Pyrolysis of poly(1,6-hexylenecarbonate) gives 5-hexenal as described by the following idealized equation:
(OC6H12O)CO -> 2 CH2=CHCH2CH2CH2CH2OH + CO2
The corresponding decenol is produced from the polycarbonate derived from 1,10-decanediol.

==Uses==
Organic carbonates are used as solvents in lithium batteries. Due to their high polarity, they dissolve lithium salts. The problem of high viscosity is circumvented by using mixtures for example of dimethyl carbonate, diethyl carbonate, and dimethoxyethane.
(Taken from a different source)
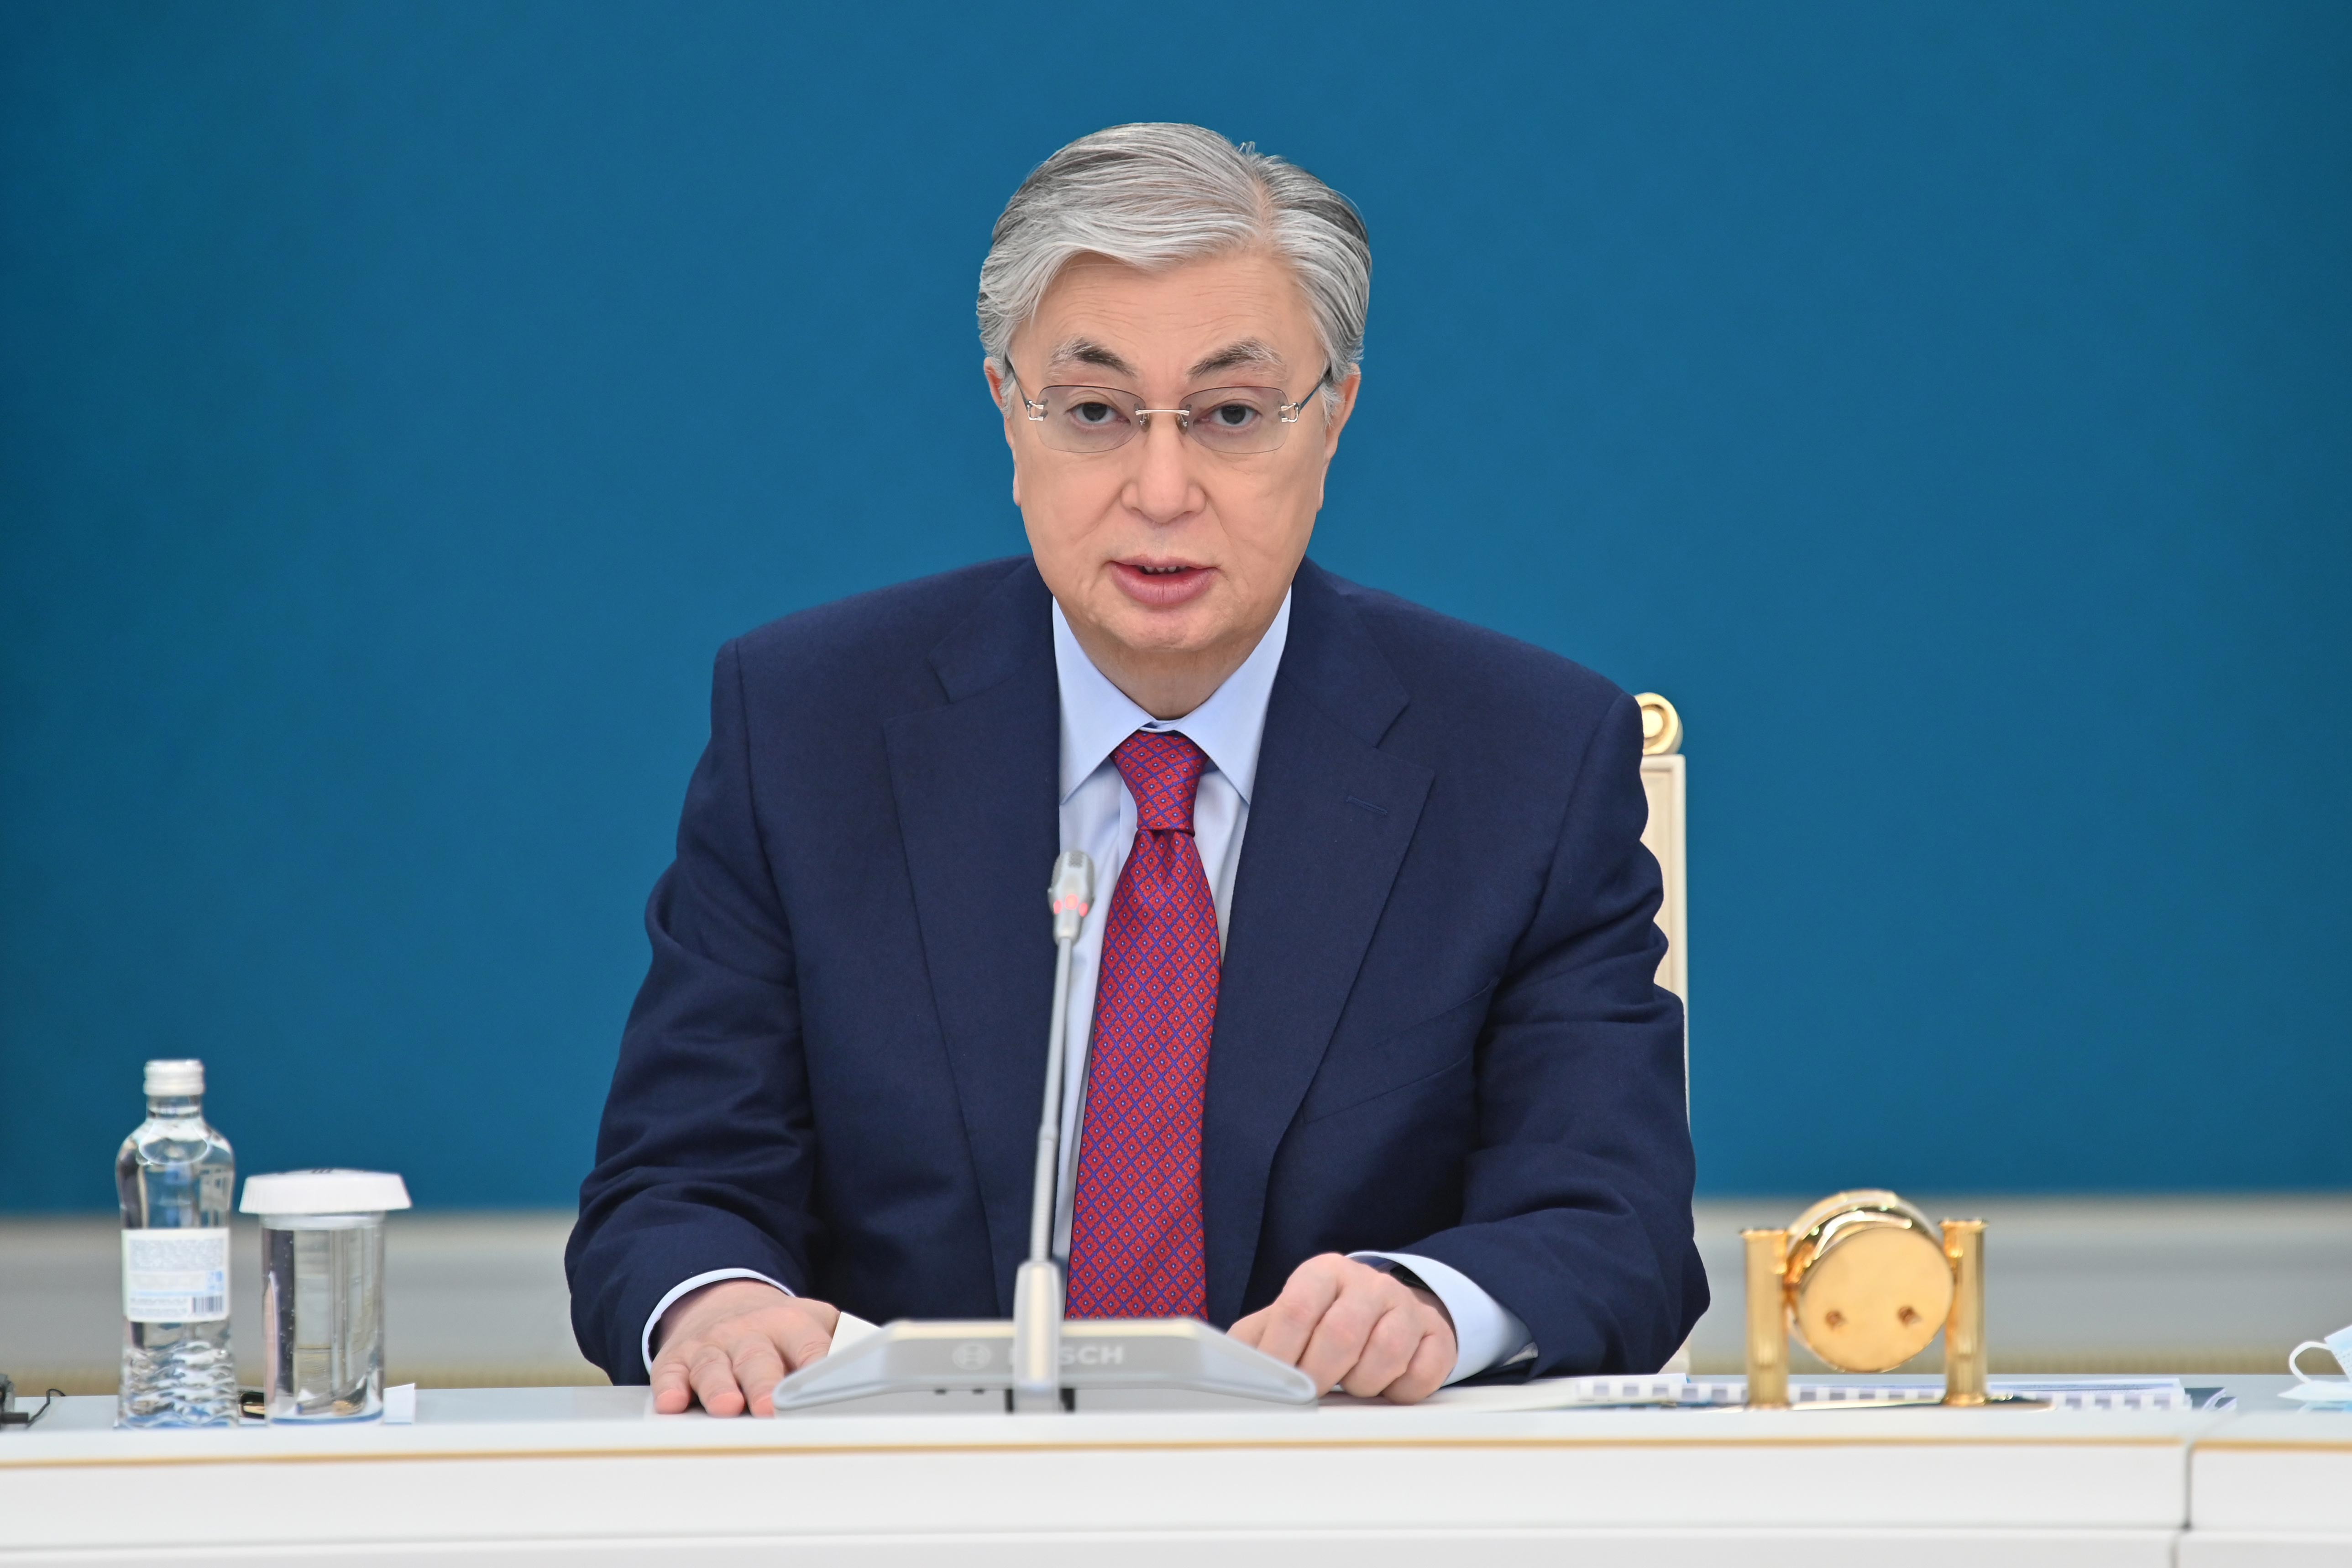 Глава государства провел заседание Высшего совета по реформам
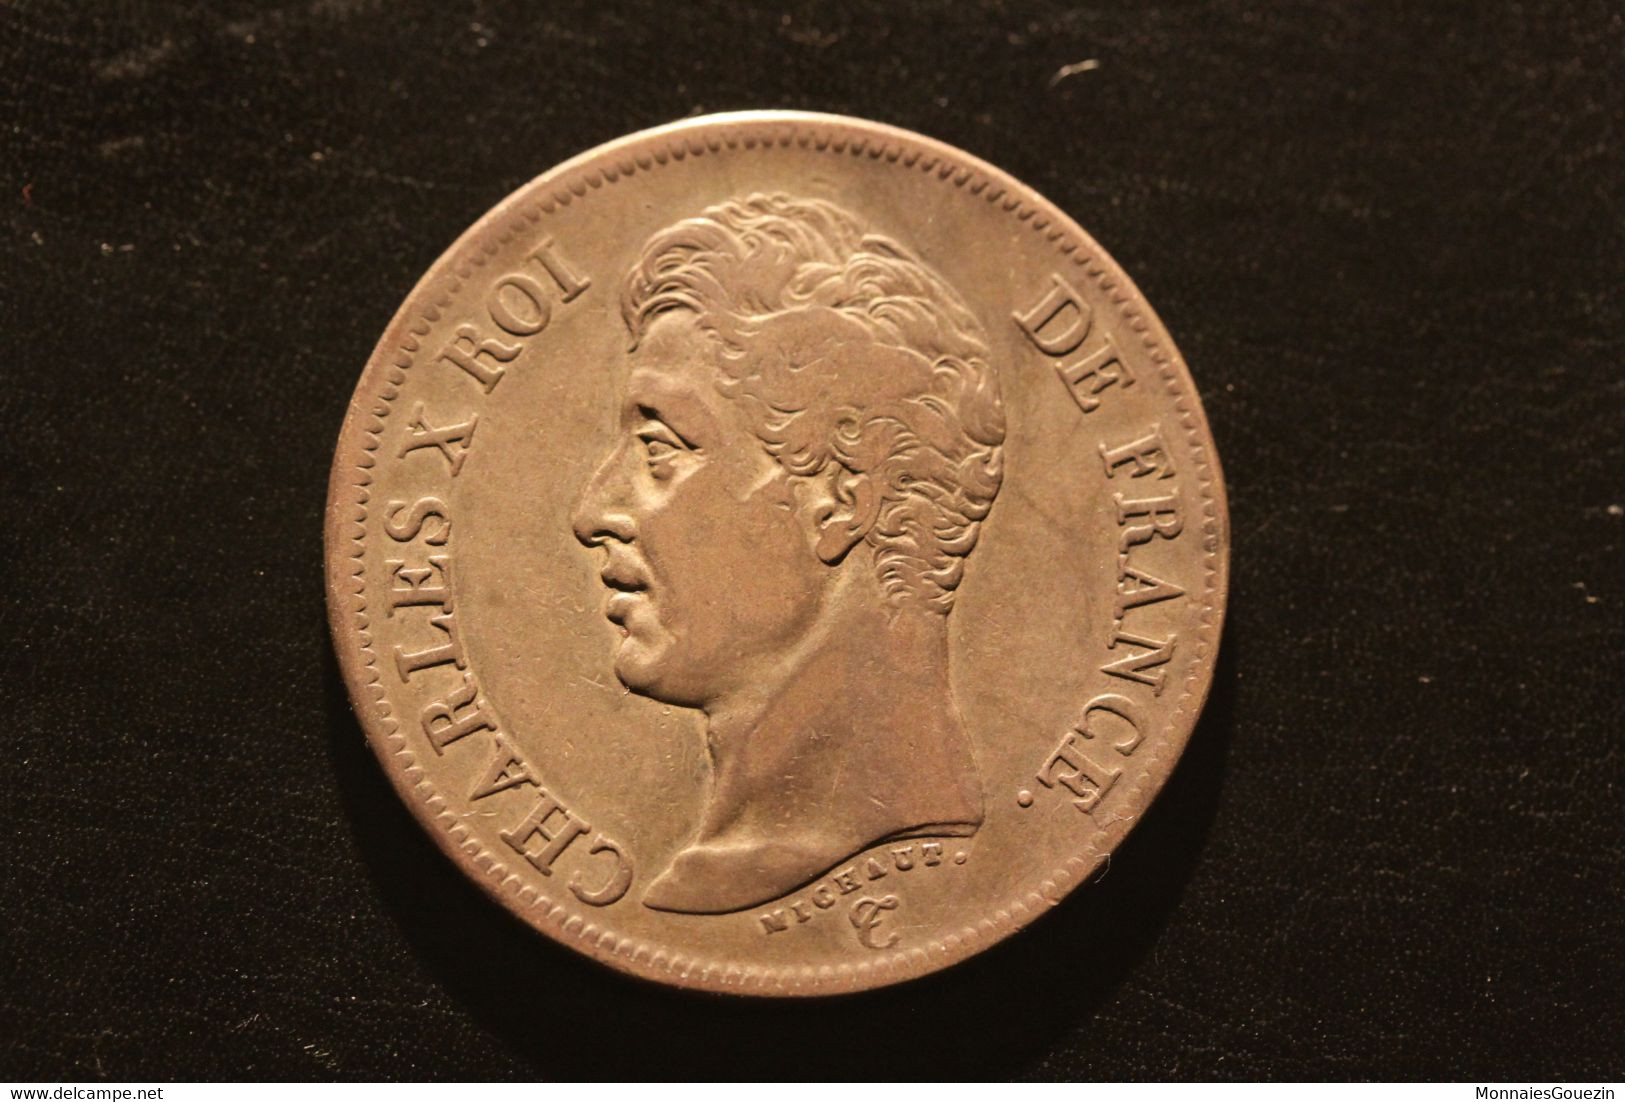 France - 5 Francs 1824 A Paris Charles X - Rare 8431 - 5 Francs

They are also used as solvents in organic synthesis. Classified as polar solvents, they have a wide liquid temperature range. One example is propylene carbonate with melting point −55 °C and boiling point 240 °C. Other advantages are low ecotoxicity and good biodegradability. Many industrial production pathways for carbonates are not green because they rely on phosgene or propylene oxide.

Dimethyl dicarbonate is commonly used as a beverage preservative, processing aid, or sterilant.